Personal information
- Born: February 4, 1999 (age 27) Montgomery, Alabama, U.S.
- Listed height: 6 ft 0 in (1.83 m)
- Listed weight: 193 lb (88 kg)

Career information
- High school: Jefferson Davis (AL)
- College: Florida Atlantic (2017–2021)
- NFL draft: 2022: undrafted

Career history
- New York Giants (2022); Green Bay Packers (2023)*; Pittsburgh Steelers (2024)*; Hamilton Tiger-Cats (2026)*;
- * Offseason or practice squad member only

Career NFL statistics
- Total tackles: 14
- Sacks: 1
- Stats at Pro Football Reference

= Zyon Gilbert =

American football player (born 1999)

Zyon Gilbert (born February 4, 1999) is an American professional football cornerback. He played college football for the Florida Atlantic Owls and was signed by the Giants as an undrafted free agent in .

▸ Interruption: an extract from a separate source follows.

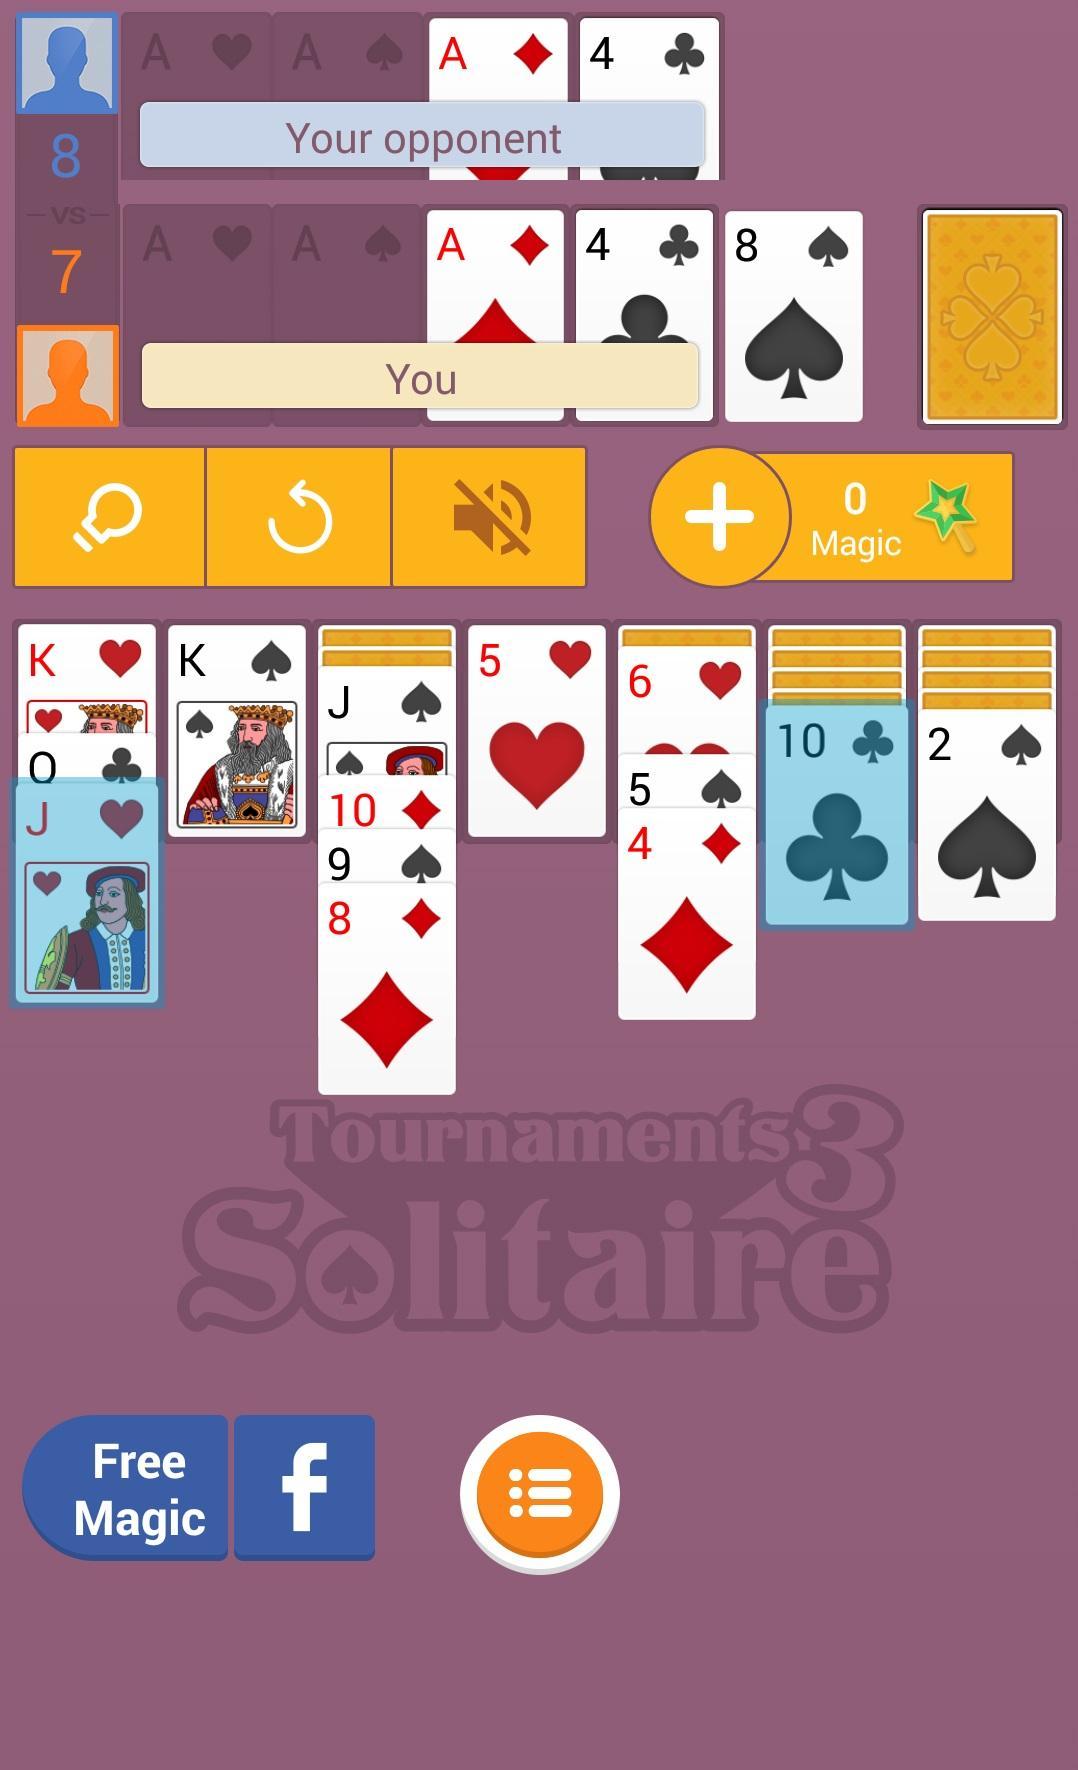 solitaire tricks
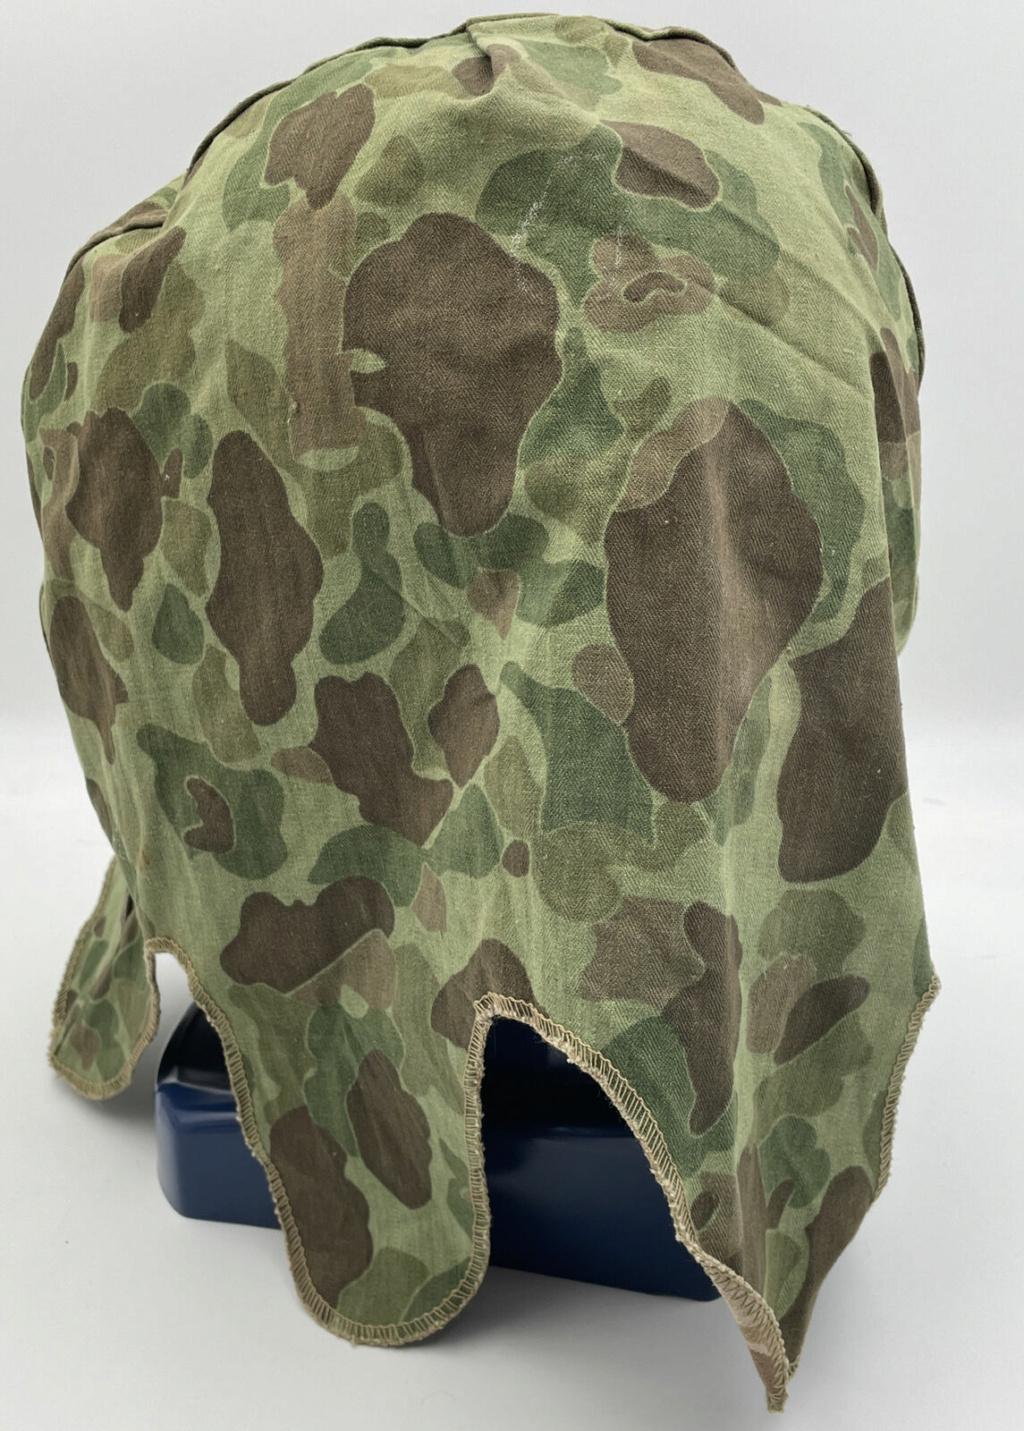 Couvre-casque USMC 538

==Early life and education==
Gilbert was born on February 4, 1999, in Montgomery, Alabama. He attended Jefferson Davis High School there and was a two-way player in football, earning twice all-state honors. He was named the school's best defensive back, best two-way player, and was given the "speed award" at a season-ending banquet. Gilbert was a three-star recruit and committed to Florida Atlantic.

Gilbert became the starter as a true freshman in 2017 and recorded 52 total tackles in 14 games. He remained a starter in 2018 and recorded 51 tackles in 12 matches. In 2019, Gilbert recorded 48 tackles, 10 passes defended, two interceptions and a forced fumble on his way to being named honorable mention all-conference.

As a senior in 2020, Gilbert tallied 46 tackles, one interception and six passes defended, being named honorable mention all-conference for the second consecutive season. After being given an extra year of eligibility due to the COVID-19 pandemic, he opted to return to the team in 2021 for a final season. That year, Gilbert appeared in 12 games and finished with 51 tackles, two interceptions and 12 passes defended, as well as a third honorable mention all-conference selection. He finished his time at Florida Atlantic as the school's all-time leader in games played with 57, and recorded 248 tackles, 31 passes defended and five interceptions.

==Professional career==

Pre-draft measurables
| Height | Weight | Arm length | Hand span | 40-yard dash | 10-yard split | 20-yard split | 20-yard shuttle | Three-cone drill | Vertical jump | Broad jump |
| 6 ft 0+1⁄4 in (1.84 m) | 193 lb (88 kg) | 30+7⁄8 in (0.78 m) | 8+7⁄8 in (0.23 m) | 4.49 s | 1.54 s | 2.55 s | 4.29 s | 7.34 s | 40.0 in (1.02 m) | 11 ft 6 in (3.51 m) |
All values from Pro Day

===New York Giants===
After going unselected in the 2022 NFL draft, Gilbert was signed by the New York Giants as an undrafted free agent. He was released at the final roster cuts but was subsequently re-signed to the practice squad. Gilbert was elevated to the active roster for their week thirteen game with the Washington Commanders, and started at cornerback in his NFL debut, appearing on 62 snaps and recording seven tackles. He posted his first career sack the following week against the Philadelphia Eagles. He signed a reserve/future contract on January 22, 2023. He was waived on August 29, 2023.

===Green Bay Packers===
Gilbert was signed to the Green Bay Packers practice squad on October 25, 2023. He signed a reserve/future contract on January 22, 2024. On July 30, 2024, he was released.

===Pittsburgh Steelers===
On August 14, 2024, Gilbert signed with the Pittsburgh Steelers. He was waived on August 27, 2024 and was re-signed to the practice squad on August 29, 2024. He was released on September 17, and re-signed a month later.

===Hamilton Tiger-Cats===
On Arpil 21, 2026, Gilbert signed with the Hamilton Tiger-Cats of the Canadian Football League. He was released on May 31, 2026.